Work instruction: The reply must return each line of the data exactly.

Dataset entries:
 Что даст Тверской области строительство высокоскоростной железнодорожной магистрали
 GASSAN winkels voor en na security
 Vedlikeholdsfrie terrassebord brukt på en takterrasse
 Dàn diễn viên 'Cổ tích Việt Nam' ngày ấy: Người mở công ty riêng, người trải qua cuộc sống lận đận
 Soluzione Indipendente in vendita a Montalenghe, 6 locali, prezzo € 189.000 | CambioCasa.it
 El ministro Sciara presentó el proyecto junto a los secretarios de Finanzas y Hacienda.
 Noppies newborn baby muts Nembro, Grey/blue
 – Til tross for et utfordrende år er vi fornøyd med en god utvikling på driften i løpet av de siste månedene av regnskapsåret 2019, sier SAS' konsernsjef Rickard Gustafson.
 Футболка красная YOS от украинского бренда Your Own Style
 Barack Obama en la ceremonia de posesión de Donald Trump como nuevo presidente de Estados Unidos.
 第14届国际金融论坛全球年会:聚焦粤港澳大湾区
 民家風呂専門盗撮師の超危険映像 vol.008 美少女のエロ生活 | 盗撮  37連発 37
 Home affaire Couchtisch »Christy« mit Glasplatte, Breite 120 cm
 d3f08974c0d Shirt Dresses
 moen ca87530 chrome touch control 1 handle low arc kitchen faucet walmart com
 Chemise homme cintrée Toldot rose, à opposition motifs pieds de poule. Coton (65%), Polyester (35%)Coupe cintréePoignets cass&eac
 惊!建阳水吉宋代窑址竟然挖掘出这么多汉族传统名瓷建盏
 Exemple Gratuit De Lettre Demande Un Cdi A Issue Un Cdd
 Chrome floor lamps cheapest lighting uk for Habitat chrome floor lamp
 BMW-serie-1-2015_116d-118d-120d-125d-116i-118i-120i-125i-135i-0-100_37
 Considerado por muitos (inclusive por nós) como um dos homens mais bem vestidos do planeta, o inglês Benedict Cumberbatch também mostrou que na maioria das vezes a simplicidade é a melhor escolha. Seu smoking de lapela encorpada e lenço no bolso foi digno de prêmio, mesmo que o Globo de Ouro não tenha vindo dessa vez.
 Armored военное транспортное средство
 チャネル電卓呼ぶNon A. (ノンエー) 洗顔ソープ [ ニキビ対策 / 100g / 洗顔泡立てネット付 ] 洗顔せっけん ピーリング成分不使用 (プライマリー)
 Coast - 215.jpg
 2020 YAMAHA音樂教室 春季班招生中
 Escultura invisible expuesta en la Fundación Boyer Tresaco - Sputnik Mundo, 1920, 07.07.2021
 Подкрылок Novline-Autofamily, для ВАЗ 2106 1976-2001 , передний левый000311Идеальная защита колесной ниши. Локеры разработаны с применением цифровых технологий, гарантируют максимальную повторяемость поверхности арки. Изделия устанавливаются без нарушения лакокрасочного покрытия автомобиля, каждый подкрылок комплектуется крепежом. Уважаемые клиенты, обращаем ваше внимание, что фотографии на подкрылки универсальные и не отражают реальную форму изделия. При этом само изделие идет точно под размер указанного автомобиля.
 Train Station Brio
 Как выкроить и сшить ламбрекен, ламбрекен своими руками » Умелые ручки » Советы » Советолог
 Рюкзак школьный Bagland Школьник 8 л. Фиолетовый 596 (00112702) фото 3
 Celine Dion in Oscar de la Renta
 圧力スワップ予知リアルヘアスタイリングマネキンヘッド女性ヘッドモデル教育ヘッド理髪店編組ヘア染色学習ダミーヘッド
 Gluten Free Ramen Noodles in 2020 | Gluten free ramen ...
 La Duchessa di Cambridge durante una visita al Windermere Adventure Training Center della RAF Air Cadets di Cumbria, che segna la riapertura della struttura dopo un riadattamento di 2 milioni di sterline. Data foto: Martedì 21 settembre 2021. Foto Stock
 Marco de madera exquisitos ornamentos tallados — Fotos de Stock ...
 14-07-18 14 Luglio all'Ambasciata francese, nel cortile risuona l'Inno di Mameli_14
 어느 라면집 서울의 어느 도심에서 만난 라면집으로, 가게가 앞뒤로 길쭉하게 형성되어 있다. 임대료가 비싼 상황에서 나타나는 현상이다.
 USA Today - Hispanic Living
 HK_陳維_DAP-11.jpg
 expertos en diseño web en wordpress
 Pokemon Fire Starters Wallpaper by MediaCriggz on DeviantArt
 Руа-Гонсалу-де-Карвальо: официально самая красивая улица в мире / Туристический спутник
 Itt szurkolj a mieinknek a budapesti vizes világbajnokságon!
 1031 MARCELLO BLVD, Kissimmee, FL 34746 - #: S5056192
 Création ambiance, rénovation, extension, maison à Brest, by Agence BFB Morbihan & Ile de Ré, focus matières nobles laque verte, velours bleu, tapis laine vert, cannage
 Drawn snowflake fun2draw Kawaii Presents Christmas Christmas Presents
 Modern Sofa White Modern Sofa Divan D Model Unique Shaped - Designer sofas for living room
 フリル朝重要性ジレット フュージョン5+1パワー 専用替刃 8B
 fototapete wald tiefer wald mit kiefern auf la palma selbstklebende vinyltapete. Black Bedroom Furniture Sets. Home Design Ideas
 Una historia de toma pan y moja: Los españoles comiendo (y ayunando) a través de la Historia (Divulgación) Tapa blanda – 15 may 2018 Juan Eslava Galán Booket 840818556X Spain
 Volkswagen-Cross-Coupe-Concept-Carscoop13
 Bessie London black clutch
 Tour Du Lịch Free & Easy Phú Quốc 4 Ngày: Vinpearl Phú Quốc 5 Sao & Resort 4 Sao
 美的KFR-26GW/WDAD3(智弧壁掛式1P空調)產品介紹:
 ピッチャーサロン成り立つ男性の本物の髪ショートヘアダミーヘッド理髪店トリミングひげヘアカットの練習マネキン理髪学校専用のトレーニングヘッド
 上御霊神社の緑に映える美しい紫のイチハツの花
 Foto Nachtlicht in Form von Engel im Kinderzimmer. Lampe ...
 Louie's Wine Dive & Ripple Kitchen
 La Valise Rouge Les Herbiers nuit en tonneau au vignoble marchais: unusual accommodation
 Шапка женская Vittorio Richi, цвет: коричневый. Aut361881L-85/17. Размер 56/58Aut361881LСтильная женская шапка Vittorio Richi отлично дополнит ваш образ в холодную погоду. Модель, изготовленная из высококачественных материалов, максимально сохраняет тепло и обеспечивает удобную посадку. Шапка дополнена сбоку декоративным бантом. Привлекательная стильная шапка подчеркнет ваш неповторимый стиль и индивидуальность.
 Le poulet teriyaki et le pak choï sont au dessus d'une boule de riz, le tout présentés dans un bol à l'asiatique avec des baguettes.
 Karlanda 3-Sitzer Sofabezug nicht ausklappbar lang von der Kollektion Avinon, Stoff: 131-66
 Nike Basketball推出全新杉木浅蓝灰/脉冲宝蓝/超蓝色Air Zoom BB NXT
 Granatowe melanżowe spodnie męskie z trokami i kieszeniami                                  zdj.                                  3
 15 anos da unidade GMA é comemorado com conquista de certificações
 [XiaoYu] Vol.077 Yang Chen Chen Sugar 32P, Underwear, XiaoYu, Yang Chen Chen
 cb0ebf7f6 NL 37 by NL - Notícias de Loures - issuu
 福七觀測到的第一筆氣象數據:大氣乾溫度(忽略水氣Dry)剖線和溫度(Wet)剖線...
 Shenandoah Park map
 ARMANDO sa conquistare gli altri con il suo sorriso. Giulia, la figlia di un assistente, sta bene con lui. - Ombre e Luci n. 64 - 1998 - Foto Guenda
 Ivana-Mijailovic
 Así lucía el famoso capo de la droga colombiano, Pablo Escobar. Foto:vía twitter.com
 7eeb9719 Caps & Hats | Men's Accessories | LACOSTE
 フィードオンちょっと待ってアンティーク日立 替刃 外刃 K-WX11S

Result below:
 Что даст Тверской области строительство высокоскоростной железнодорожной магистрали
 GASSAN winkels voor en na security
 Vedlikeholdsfrie terrassebord brukt på en takterrasse
 Dàn diễn viên 'Cổ tích Việt Nam' ngày ấy: Người mở công ty riêng, người trải qua cuộc sống lận đận
 Soluzione Indipendente in vendita a Montalenghe, 6 locali, prezzo € 189.000 | CambioCasa.it
 El ministro Sciara presentó el proyecto junto a los secretarios de Finanzas y Hacienda.
 Noppies newborn baby muts Nembro, Grey/blue
 – Til tross for et utfordrende år er vi fornøyd med en god utvikling på driften i løpet av de siste månedene av regnskapsåret 2019, sier SAS' konsernsjef Rickard Gustafson.
 Футболка красная YOS от украинского бренда Your Own Style
 Barack Obama en la ceremonia de posesión de Donald Trump como nuevo presidente de Estados Unidos.
 第14届国际金融论坛全球年会:聚焦粤港澳大湾区
 民家風呂専門盗撮師の超危険映像 vol.008 美少女のエロ生活 | 盗撮  37連発 37
 Home affaire Couchtisch »Christy« mit Glasplatte, Breite 120 cm
 d3f08974c0d Shirt Dresses
 moen ca87530 chrome touch control 1 handle low arc kitchen faucet walmart com
 Chemise homme cintrée Toldot rose, à opposition motifs pieds de poule. Coton (65%), Polyester (35%)Coupe cintréePoignets cass&eac
 惊!建阳水吉宋代窑址竟然挖掘出这么多汉族传统名瓷建盏
 Exemple Gratuit De Lettre Demande Un Cdi A Issue Un Cdd
 Chrome floor lamps cheapest lighting uk for Habitat chrome floor lamp
 BMW-serie-1-2015_116d-118d-120d-125d-116i-118i-120i-125i-135i-0-100_37
 Considerado por muitos (inclusive por nós) como um dos homens mais bem vestidos do planeta, o inglês Benedict Cumberbatch também mostrou que na maioria das vezes a simplicidade é a melhor escolha. Seu smoking de lapela encorpada e lenço no bolso foi digno de prêmio, mesmo que o Globo de Ouro não tenha vindo dessa vez.
 Armored военное транспортное средство
 チャネル電卓呼ぶNon A. (ノンエー) 洗顔ソープ [ ニキビ対策 / 100g / 洗顔泡立てネット付 ] 洗顔せっけん ピーリング成分不使用 (プライマリー)
 Coast - 215.jpg
 2020 YAMAHA音樂教室 春季班招生中
 Escultura invisible expuesta en la Fundación Boyer Tresaco - Sputnik Mundo, 1920, 07.07.2021
 Подкрылок Novline-Autofamily, для ВАЗ 2106 1976-2001 , передний левый000311Идеальная защита колесной ниши. Локеры разработаны с применением цифровых технологий, гарантируют максимальную повторяемость поверхности арки. Изделия устанавливаются без нарушения лакокрасочного покрытия автомобиля, каждый подкрылок комплектуется крепежом. Уважаемые клиенты, обращаем ваше внимание, что фотографии на подкрылки универсальные и не отражают реальную форму изделия. При этом само изделие идет точно под размер указанного автомобиля.
 Train Station Brio
 Как выкроить и сшить ламбрекен, ламбрекен своими руками » Умелые ручки » Советы » Советолог
 Рюкзак школьный Bagland Школьник 8 л. Фиолетовый 596 (00112702) фото 3
 Celine Dion in Oscar de la Renta
 圧力スワップ予知リアルヘアスタイリングマネキンヘッド女性ヘッドモデル教育ヘッド理髪店編組ヘア染色学習ダミーヘッド
 Gluten Free Ramen Noodles in 2020 | Gluten free ramen ...
 La Duchessa di Cambridge durante una visita al Windermere Adventure Training Center della RAF Air Cadets di Cumbria, che segna la riapertura della struttura dopo un riadattamento di 2 milioni di sterline. Data foto: Martedì 21 settembre 2021. Foto Stock
 Marco de madera exquisitos ornamentos tallados — Fotos de Stock ...
 14-07-18 14 Luglio all'Ambasciata francese, nel cortile risuona l'Inno di Mameli_14
 어느 라면집 서울의 어느 도심에서 만난 라면집으로, 가게가 앞뒤로 길쭉하게 형성되어 있다. 임대료가 비싼 상황에서 나타나는 현상이다.
 USA Today - Hispanic Living
 HK_陳維_DAP-11.jpg
 expertos en diseño web en wordpress
 Pokemon Fire Starters Wallpaper by MediaCriggz on DeviantArt
 Руа-Гонсалу-де-Карвальо: официально самая красивая улица в мире / Туристический спутник
 Itt szurkolj a mieinknek a budapesti vizes világbajnokságon!
 1031 MARCELLO BLVD, Kissimmee, FL 34746 - #: S5056192
 Création ambiance, rénovation, extension, maison à Brest, by Agence BFB Morbihan & Ile de Ré, focus matières nobles laque verte, velours bleu, tapis laine vert, cannage
 Drawn snowflake fun2draw Kawaii Presents Christmas Christmas Presents
 Modern Sofa White Modern Sofa Divan D Model Unique Shaped - Designer sofas for living room
 フリル朝重要性ジレット フュージョン5+1パワー 専用替刃 8B
 fototapete wald tiefer wald mit kiefern auf la palma selbstklebende vinyltapete. Black Bedroom Furniture Sets. Home Design Ideas
 Una historia de toma pan y moja: Los españoles comiendo (y ayunando) a través de la Historia (Divulgación) Tapa blanda – 15 may 2018 Juan Eslava Galán Booket 840818556X Spain
 Volkswagen-Cross-Coupe-Concept-Carscoop13
 Bessie London black clutch
 Tour Du Lịch Free & Easy Phú Quốc 4 Ngày: Vinpearl Phú Quốc 5 Sao & Resort 4 Sao
 美的KFR-26GW/WDAD3(智弧壁掛式1P空調)產品介紹:
 ピッチャーサロン成り立つ男性の本物の髪ショートヘアダミーヘッド理髪店トリミングひげヘアカットの練習マネキン理髪学校専用のトレーニングヘッド
 上御霊神社の緑に映える美しい紫のイチハツの花
 Foto Nachtlicht in Form von Engel im Kinderzimmer. Lampe ...
 Louie's Wine Dive & Ripple Kitchen
 La Valise Rouge Les Herbiers nuit en tonneau au vignoble marchais: unusual accommodation
 Шапка женская Vittorio Richi, цвет: коричневый. Aut361881L-85/17. Размер 56/58Aut361881LСтильная женская шапка Vittorio Richi отлично дополнит ваш образ в холодную погоду. Модель, изготовленная из высококачественных материалов, максимально сохраняет тепло и обеспечивает удобную посадку. Шапка дополнена сбоку декоративным бантом. Привлекательная стильная шапка подчеркнет ваш неповторимый стиль и индивидуальность.
 Le poulet teriyaki et le pak choï sont au dessus d'une boule de riz, le tout présentés dans un bol à l'asiatique avec des baguettes.
 Karlanda 3-Sitzer Sofabezug nicht ausklappbar lang von der Kollektion Avinon, Stoff: 131-66
 Nike Basketball推出全新杉木浅蓝灰/脉冲宝蓝/超蓝色Air Zoom BB NXT
 Granatowe melanżowe spodnie męskie z trokami i kieszeniami                                  zdj.                                  3
 15 anos da unidade GMA é comemorado com conquista de certificações
 [XiaoYu] Vol.077 Yang Chen Chen Sugar 32P, Underwear, XiaoYu, Yang Chen Chen
 cb0ebf7f6 NL 37 by NL - Notícias de Loures - issuu
 福七觀測到的第一筆氣象數據:大氣乾溫度(忽略水氣Dry)剖線和溫度(Wet)剖線...
 Shenandoah Park map
 ARMANDO sa conquistare gli altri con il suo sorriso. Giulia, la figlia di un assistente, sta bene con lui. - Ombre e Luci n. 64 - 1998 - Foto Guenda
 Ivana-Mijailovic
 Así lucía el famoso capo de la droga colombiano, Pablo Escobar. Foto:vía twitter.com
 7eeb9719 Caps & Hats | Men's Accessories | LACOSTE
 フィードオンちょっと待ってアンティーク日立 替刃 外刃 K-WX11S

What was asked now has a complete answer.